HSBC wants to restrain the Reliance group from withdrawing the appeals filed against the National Company Law Tribunal that commenced the corporate insolvency resolution process.
Offshore investors led by HSBC Daisy Investments (Mauritius) and other minority shareholders on Monday moved the Supreme Court against the National Company Law Appellate Tribunal (NCLAT) order that deferred hearing on its contempt petitions “six times” over an alleged default in payment of Rs 230 crore against Reliance Infratel and its promoter Anil Ambani. A bench led by justice RF Nariman refused to interfere in the case, but said that it has “no doubt that the NCLAT will take up the case” on March 27, the next date of hearing.
As per the consent terms of the agreement between Reliance Infratel, HSBC Daisy and others, recorded by the NCLAT in its order dated June 26, 2018, the Anil Ambani-owned firm was to pay the amount within a period of 180 days. After the expiry of the six-month period, HSBC Daisy and other nine minority shareholders holding 4.26% stake in Reliance Infratel have filed contempt pleas against Anil Ambani and other officials of Reliance Infratel, the unit that houses RCom’s towers and fibre assets.

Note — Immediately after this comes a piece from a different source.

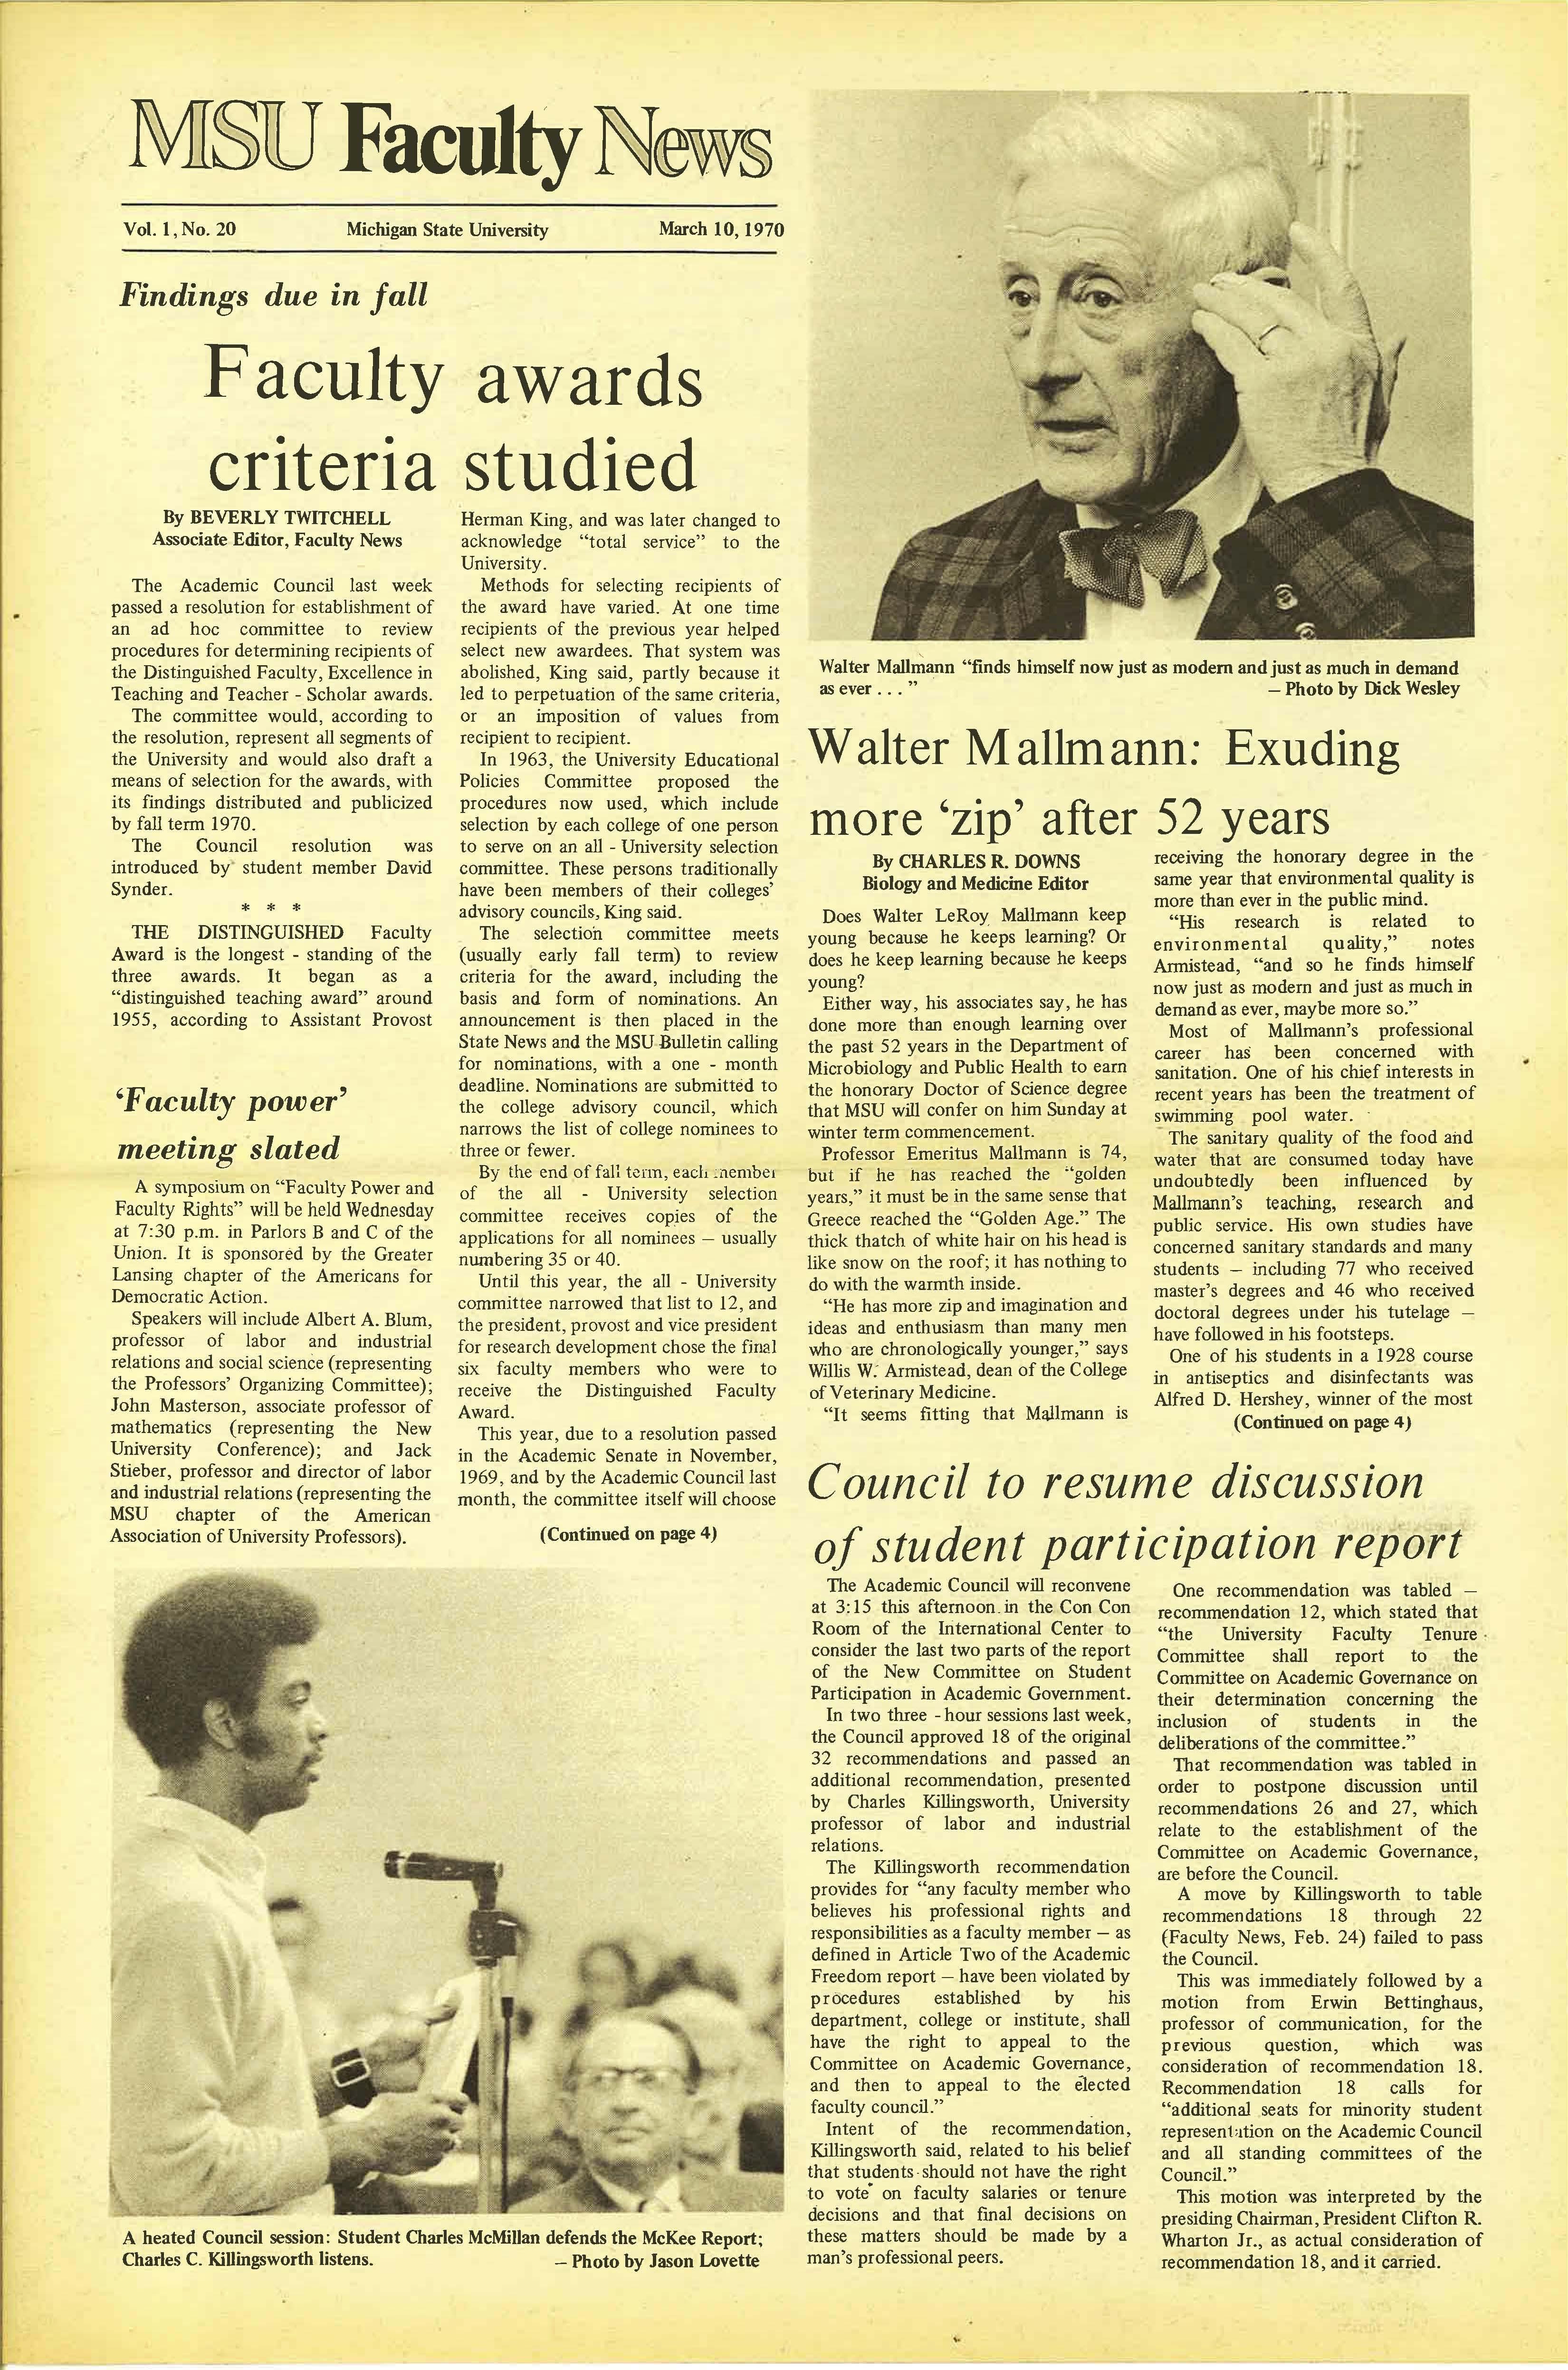 MSU News Bulletin, Vol. 2, No. 2, October 6, 1970

HSBC in its appeal before the SC said the NCLAT had been adjourning the contempt petitions despite the firm having intentionally and willfully committed breach of their undertakings before the NCLAT.
It said that Ambani and his company has no intention of honouring their undertakings which is clear from the fact that they have neither provided the bank guarantee nor made any payment as per their unconditional undertakings before the NCLAT.
HSBC also wants to restrain the Reliance group from withdrawing the appeals filed against the National Company Law Tribunal that commenced the corporate insolvency resolution process. It said that by reviving the insolvency process, the Ambani firm wants to avoid its payment obligations.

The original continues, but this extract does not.